I implemented this error handling technique, thinking it would work quite well. Then I designed a visual interface where I could type in code and see resulting compiler messages update in real-time. The error reporting worked just as planned — but I soon realized there were shortcomings.

The main problem: small typos could balloon into myriad error messages on the same line. Some of the errors were reported twice, since they were handled separately by expression parsing functions and statement parsing functions.

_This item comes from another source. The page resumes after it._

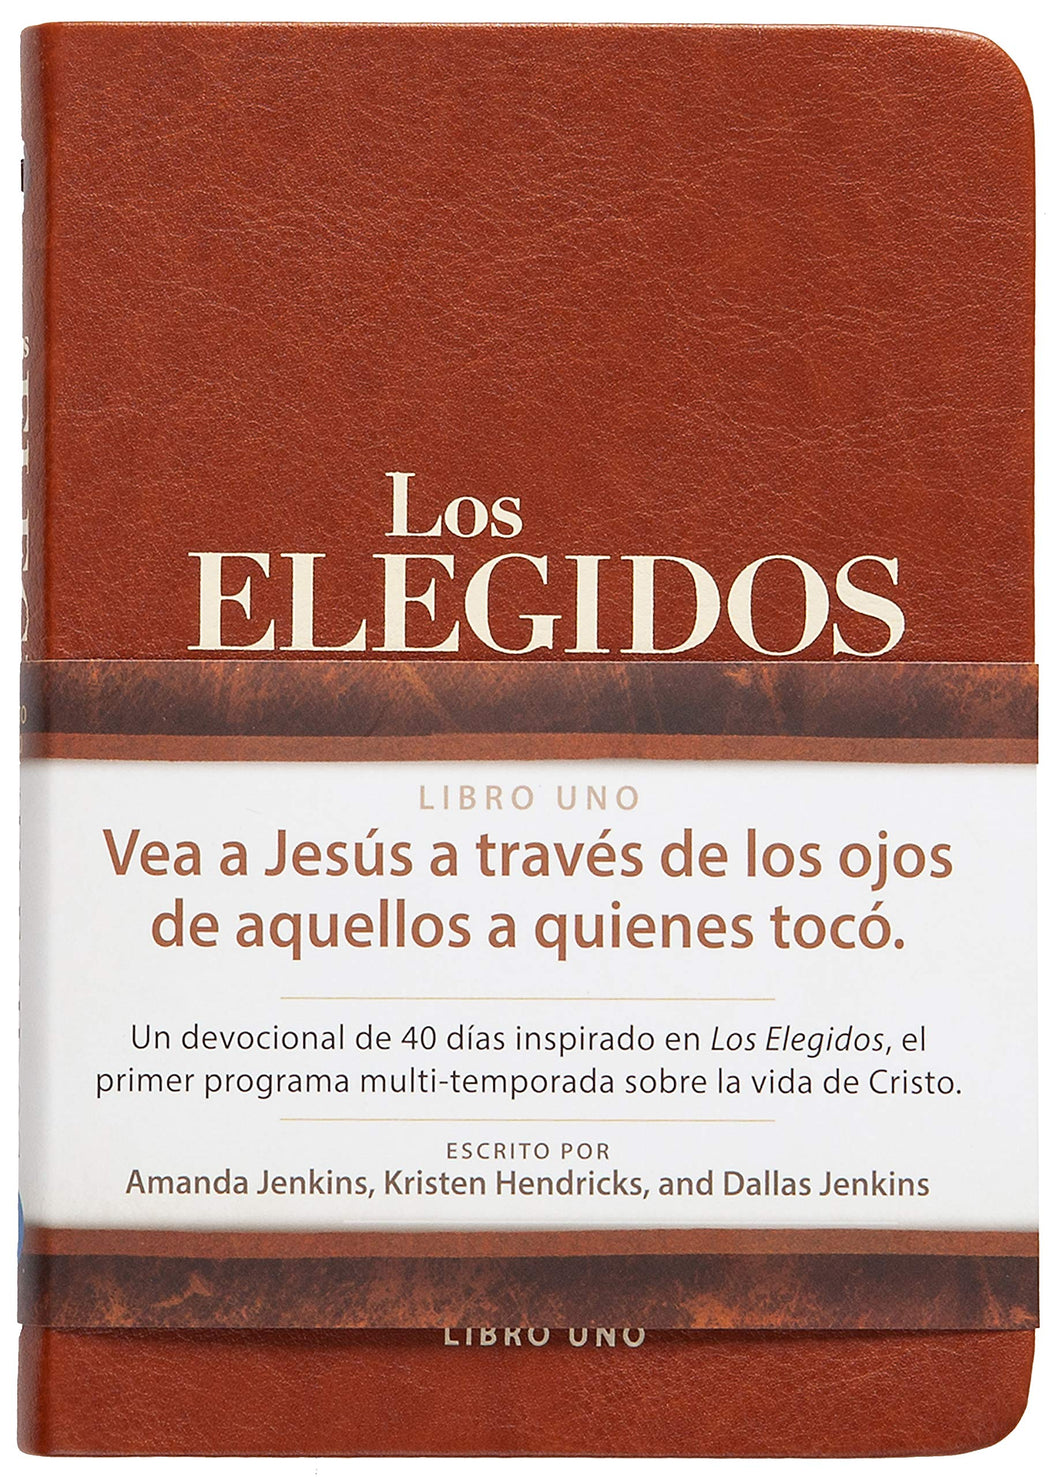 LOS ELEGIDOS- LIBRO UNO 40 DIAS CON JESÚS

Some of the errors were wrong since the parser made incorrect assumptions of how the AST should look.

My key takeaway was that a developer may not actually be interested in hearing about every possible error, for the following reasons:

a single typo can propagate multiple errors
there can be multiple ways to interpret a given mistake
an error can result in an incorrect understanding of what follows

In my mind, I likened the compiler diagnostics to an overzealous English teacher. Red pen in hand, the teacher notices a missing word in a sentence and marks the mistake three times, each for a reason that is technically correct:

A better approach to error handling

I began researching error handling and came across an established approach that seemed to address the shortcomings of my previous attempt. The programming language creation handbook Crafting Interpreters, by veteran language designer Bob Nystrom, lays it out in detail:

Of all the recovery techniques devised in yesteryear, the one that best stood the test of time is called—somewhat alarmingly—panic mode. As soon as the parser detects an error, it enters panic mode.

The gist of panic mode is that once a parser encounters an error, it gives up trying to finish parsing the current statement. Instead, the parser reports the error and skips tokens until it identifies what is likely the start of the next statement.

Although skipping tokens may seem like a waste of potentially useful information, Nystrom offers reassurance:

Any additional real syntax errors hiding in those discarded tokens aren’t reported, but it also means that any mistaken cascaded errors that are side effects of the initial error aren’t falsely reported either, which is a decent trade-off.

Essentially, this method does an admirable job fixing the problems we identified above:

a single typo will only result in a single error
only a single interpretation of a given mistake will be given (it may be the wrong way to interpret the given mistake, but it is impossible to perfectly hypothesize a user’s intention in every error situation)
an error will not result in an incorrect understanding of what follows, since the parser synchronizes itself to the next statement

Other perks are that the error handling routine is efficient, and the AST no longer needs to store error nodes.

I implemented this approach using ReasonML’s exception mechanism, which provides a shortcut to pop out of the recursive descent parsing stack when an error occurs. In the exception handler, I call a synchronization method that skips the parser forward until it finds a token that is likely the start of the next statement (e.g. “let” or “if” or the token after a semicolon).

I could test how coding with this new approach felt immediately after revising my architecture, using the visual system I had designed previously.

The same example code that previously resulted in five errors — “let x = 2 + , + , + 5 ,” — this time only produced a single error. Much better!

Multiple statements containing syntax errors highlight that the synchronization routine works as well (only one error per statement is produced):

Overall, this error handling approach seems robust — it is simple, fast, and can be iteratively improved with new error messages and additional diagnostics like suggested fixes. I would not be surprised if all the languages surveyed above more-or-less use this same method.

Summary

I realized Poly’s initial error reporting mechanism was flawed, but only with the help of a visual error-reporting system I created. Now, I am using a more established error reporting technique that involves stopping after the first error and synchronizing — and I have better intuition as to why this approach makes sense.

Optimizing for developer ergonomics — how a language feels to code in — led to an error reporting system that I believe will scale with the language.